The second prototype crashed in September 1944 and the program was canceled after the death of Nikolai Nikolaevich Polikarpov, the chief designer of his eponymous OKB, earlier that year.

==Design and development==
The original request for proposals for a heavy escort fighter (Tyazholyy Istrebitel' Soprovozhdeniya) was received at the Polikarpov OKB in November 1938, but the press of work with the I-180 and SPB prototypes prevented any significant design work until the third quarter of 1940. Mikhail Yangel was appointed head designer, but his job was complicated by multiple changes in the role of the aircraft from escort fighter to interceptor, dive bomber, and eventually reconnaissance.

The prototype, internally designated as aircraft or TIS "A", was a low-wing, all-metal, cantilever monoplane with two Mikulin AM-37 engines and a twin tail. The monocoque fuselage had four 7.62 mm ShKAS machine guns in the nose, each with 1,000 rounds. The pilot and the gunner/radio-operator were seated back-to-back, separated by an armor plate, under sliding canopies. The gunner had a dorsal ShKAS on a TSS-1 mount with 750 rounds that could be used once his canopy was slid forward. He also had a ventral ShKAS mounted below the armored floor that he could access by raising a hatch in the floor and kneeling down to fire the machine guns. The ventral gun was provided with 500 rounds of ammunition. A 12.7 mm UBK machine gun with 400 rounds and a 20 mm ShVAK cannon with 350 rounds were mounted in each wing root. Underneath the wings were two racks each capable of carrying a single 500 kg FAB-500 bomb. The wing had automatic leading edge slats and four split flaps separated by the engine nacelles. The single wheel landing gear retracted into the rear part of the nacelles, as did the tailwheel into the fuselage.

The 'A' prototype first flew in September 1941 and reached a speed of 555 km/h at 5800 m altitude. It suffered from a lack of directional stability and the engines were unreliable and vibrated above 5000 m. Factory No. 51 attempted to fix the stability problem in late September by increasing the area of the rear fins, but was unsuccessful. Flight testing continued in October in Novosibirsk, to where the LII (Лётно-исследовательский институт—Flight Research Institute) had been evacuated. Eliminating the stability problem took until March 1942, although the engines remained as unreliable as ever.
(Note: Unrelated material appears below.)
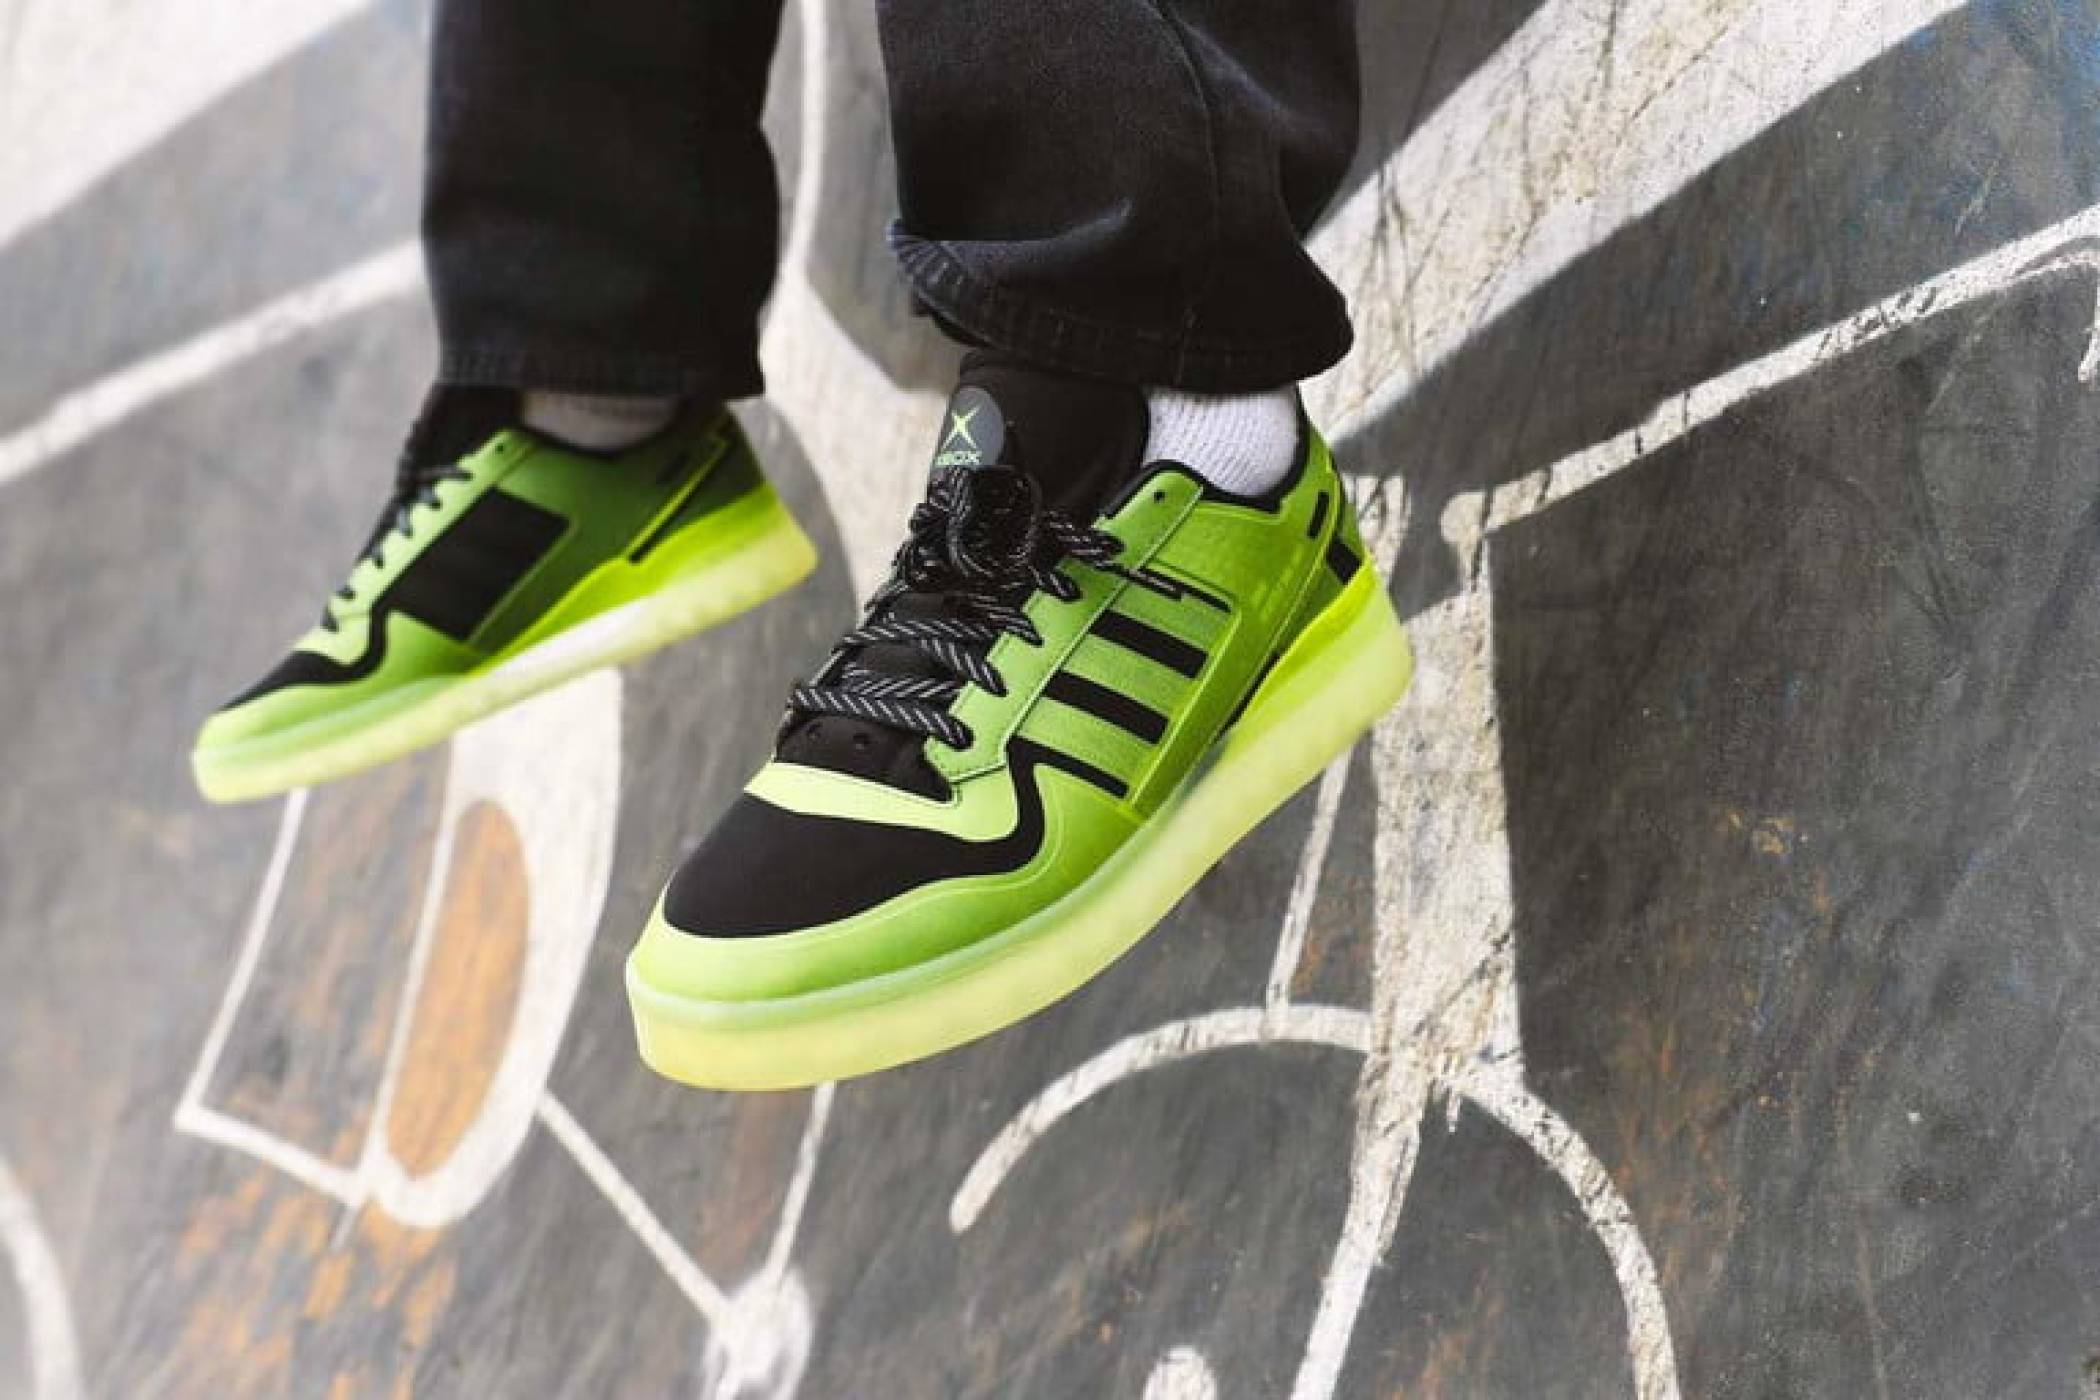 Adidas залагат на Xbox  (ВИДЕО)

By the summer of 1942 it was clear that the Mikulin OKB lacked the resources to fix the problems with the AM-37 and that the TIS would need a new engine, but the OKB's resources were fully utilized on the I-185 and ITP programs and the TIS program was put on hold. Work did not resume on the TIS until the second half of 1943, after the I-185 had been canceled, and the Mikulin AM-39 engine was selected. A new prototype was built, internally called the "MA", with a completely revised armament. Two ShVAK cannon replaced the nose ShKAS machine guns and a UBT machine gun in a VUB-1 mount replaced the dorsal ShKAS, while the ventral machine gun was removed entirely. Two 37 mm Shpitalny Sh-37 or 45 mm 111P cannon replaced the wing root guns. The intended AM-39s were unavailable and therefore two Mikulin AM-38Fs were used as a temporary expedient. The engine radiators were moved from the nacelles into the wings. They were fed by inlets in the leading edge and outlets on the undersurface of the wing.

==Operational history==
The "MA" was flight tested from June to September 1944 and generally met its expected performance figures. The engines were optimized for low altitudes and the aircraft could only reach a maximum speed of 535 km/h and a ceiling of 6600 m. It did, however, have an initial climb rate of 13.5 m/s and, on the basis of the flight tests, it was concluded that it would be capable reaching 650 km/h at 7150 m and would take 6.4 minutes to reach 5000 m once the AM-39s were fitted. A brake failure on 29 June damaged the "MA", which required a month to repair, but a crash-landing on 16 September caused by the failure of the undercarriage to extend proved to be the death knell for the TIS program. The OKB was being shut down after Polikarpov's death at the end of June and there was no one willing to champion the TIS.